All businesses have a key role to play in driving a restorative and sustainable land use transition within their operations and across their value chain. Some of the key actions include:

  • Work with farmers to adopt integrated, productive and regenerative agricultural practices that target greater soil health and resilience.
  • Minimise demand-side impacts by reducing food loss and waste and shaping demand to be healthier, more nutritious and sustainable.
  • Commit to transparency, disclosure, and accountability in all transactions that impact land resources, especially transparent supply chains and rapidly phase out deforestation and land conversion.
  • Mitigate FLAG sector emissions and invest in high-quality land-based natural climate solutions; integrate soil carbon measures across supply chain to ensure that regenerative agricultural practices contribute to healthy and resilient soils.
  • Ensure equitable and inclusive supply chains that support farmer livelihoods and engage indigenous peoples and local communities, according to free, prior and informed consent.
  • Advocate for the appropriate economic incentives, regulatory frameworks and policy reforms that do not distort markets or harm human and environmental health.

“Without large-scale and concerted efforts to protect, sustainably manage, and restore our land resources, it will not be possible to ensure food and water security, achieve climate targets, and halt biodiversity loss.
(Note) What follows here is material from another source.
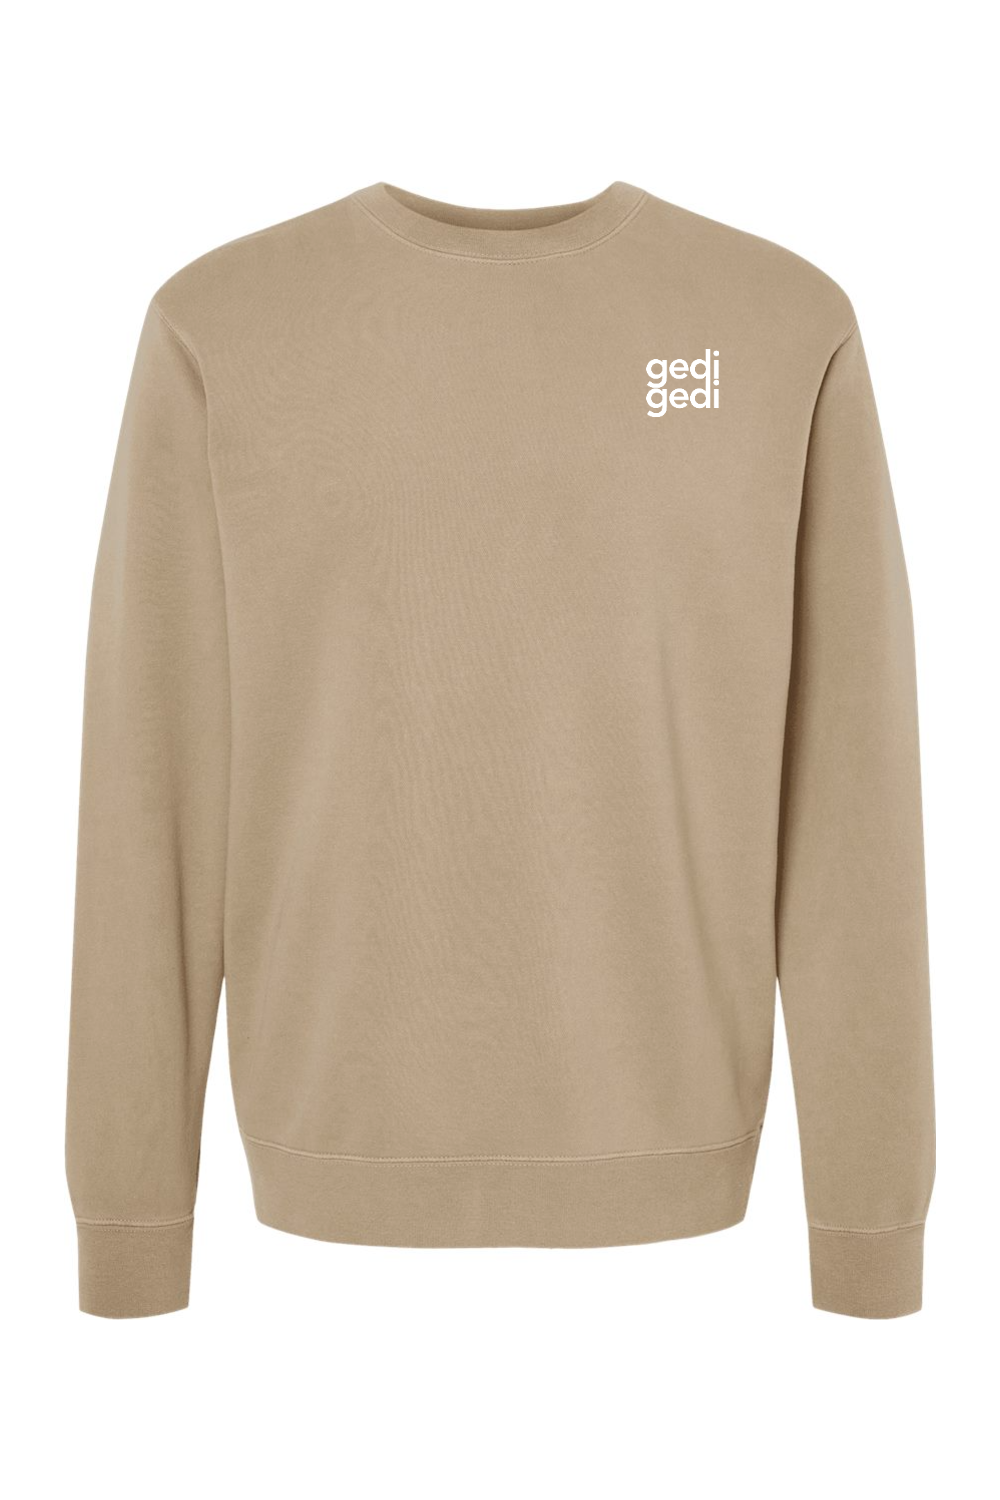 Independent Trading Co. Crewneck

We cannot stop the climate crisis today, biodiversity loss tomorrow, and land degradation the day after; we need to tackle them in tandem.” —Ibrahim Thiaw

Land use needs to go to top of global agenda

2022 is the year to put land at the top of the economic agenda. Land is at the centre and connects all three Rio conventions – the UN Convention to Combat Desertification COP15 in May, UN Convention on Biological Diversity COP15 in August, and UN Framework Convention on Climate Change COP27 in November.

Land isn’t just dirt beneath our feet. It’s where life thrives, underpinning resilient planet, society and economy. Business CEOs have an economic and societal imperative to make sure that land is managed to strengthen the resilience of their consumer base, the natural world and for their own long-term viability.